Processing of the material for histopathology included staining with haematoxylin and eosin. Colonies of Actinomyces species were well demonstrated within the material, confirming the diagnosis as a nasopalatine duct cyst with secondary actinomyces infection and dystrophic calcification.

Discussion

Nasopalatine cysts are the most prevalent non-odontogenic cyst of the jaw, occurring in up to 1% of the population.² These lesions are often asymptomatic until large, but symptoms of tenderness and rapid swelling can accompany secondary infection. Enucleation is often curative.

Actinomycosis is a rare chronic bacterial infection caused by Actinomyces species, which are Gram-positive anaerobic or micro-aerophilic bacilli with a tendency to form a branching filamentous structure.³ Classically, within Actinomyces infections, small ‘sulphur granules’ may be feature (named after their sulphurous appearance rather than content), which represent large colonies of the bacteria.⁴Actinomyces are commensals of the human oropharynx and can invade local structures when mucosal integrity is breached.⁴ The authors considered it likely that in this case the Actinomyces infection became established via a tract formed between the mouth and (discharging) nasopalatine cyst. Within an actinomycosis lesion, chronically inflamed and necrotic tissue may undergo dystrophic calcification⁵ owing to the precipitation of mineral salts within this material. The resultant calcifications have been described as ‘popcorn-like’ in shape.^5,6 The black colouration of Actinomyces-associated calcifications has been hypothesized to arise from incorporation of products derived from local haemorrhagic events.⁷ While the finding of calcifications associated with an Actinomyces-infected dentigerous cyst has been previously reported,⁷ to the authors' knowledge, the presence of dystrophic calcification within an Actinomyces-infected nasopalatine cyst has not been previously documented.
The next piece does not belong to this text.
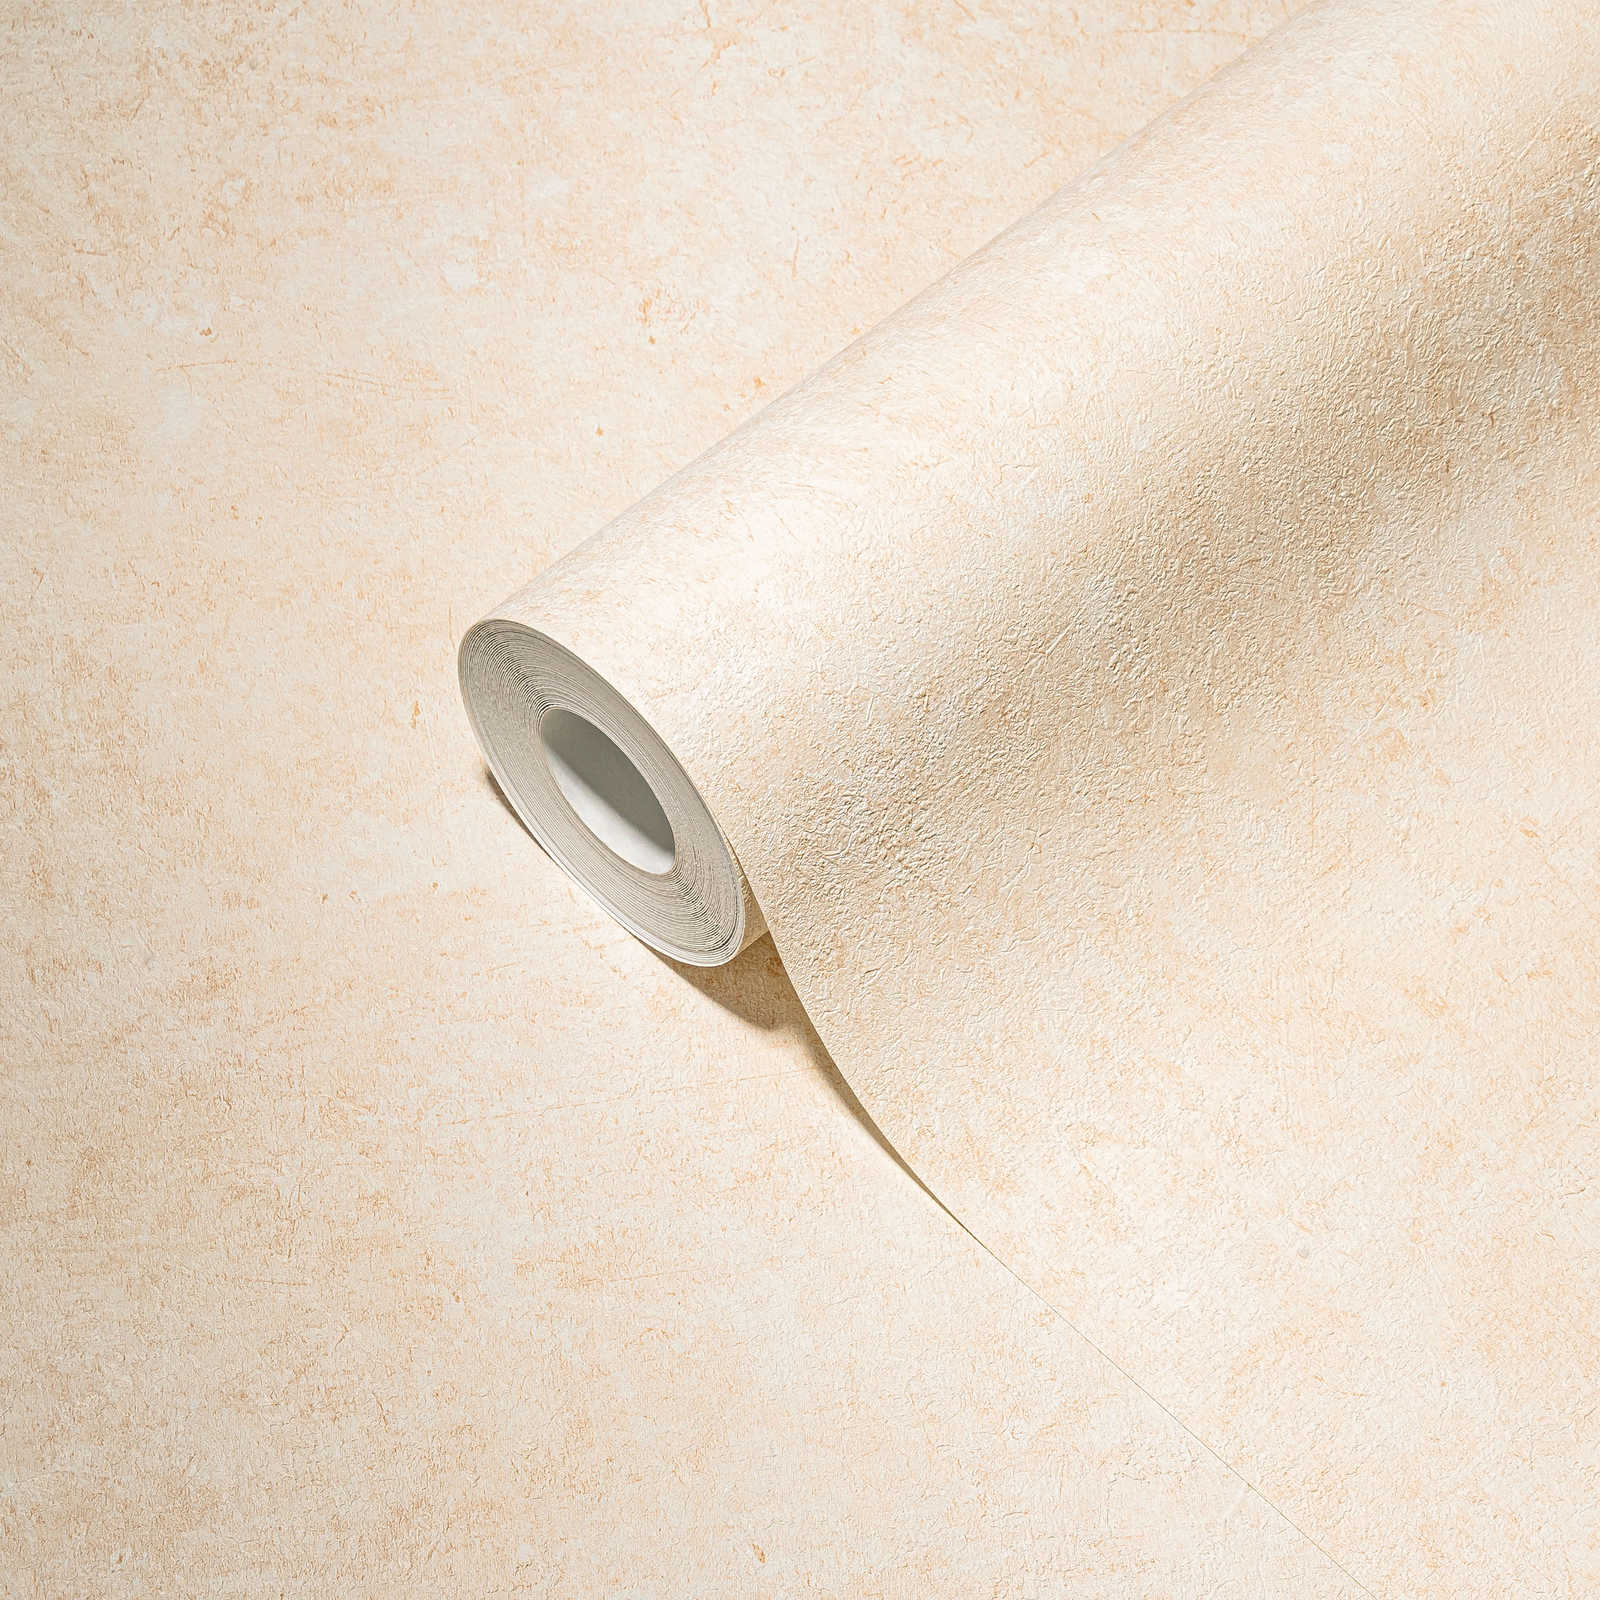             Textured wallpaper in plain subtle shades - cream, beige

As part of the diagnostic work-up, and to aid in the selection of an appropriate antimicrobial therapy (where indicated), a sample of pus may be submitted for culture and sensitivity testing (although this was not undertaken in this particular case). However, while various antibiotic regimens (often of long duration) have been suggested for the management of actinomycosis, this therapy in itself is not always curative and early surgical removal of the lesion has been recommended.⁸ The requirement for surgical intervention to manage actinomycosis infections is increased if histopathological examination is required, or if there is associated disease, such as the presence of a cystic lesion.

Conclusion

Within an actinomycosis lesion, chronically inflamed and necrotic tissue may undergo dystrophic calcification, and where relevant, should be considered within the differential diagnoses of such presentations. Onward referral to relevant secondary or tertiary care providers should be instituted where the nature of a lesion cannot be determined or predictably managed within a primary care setting.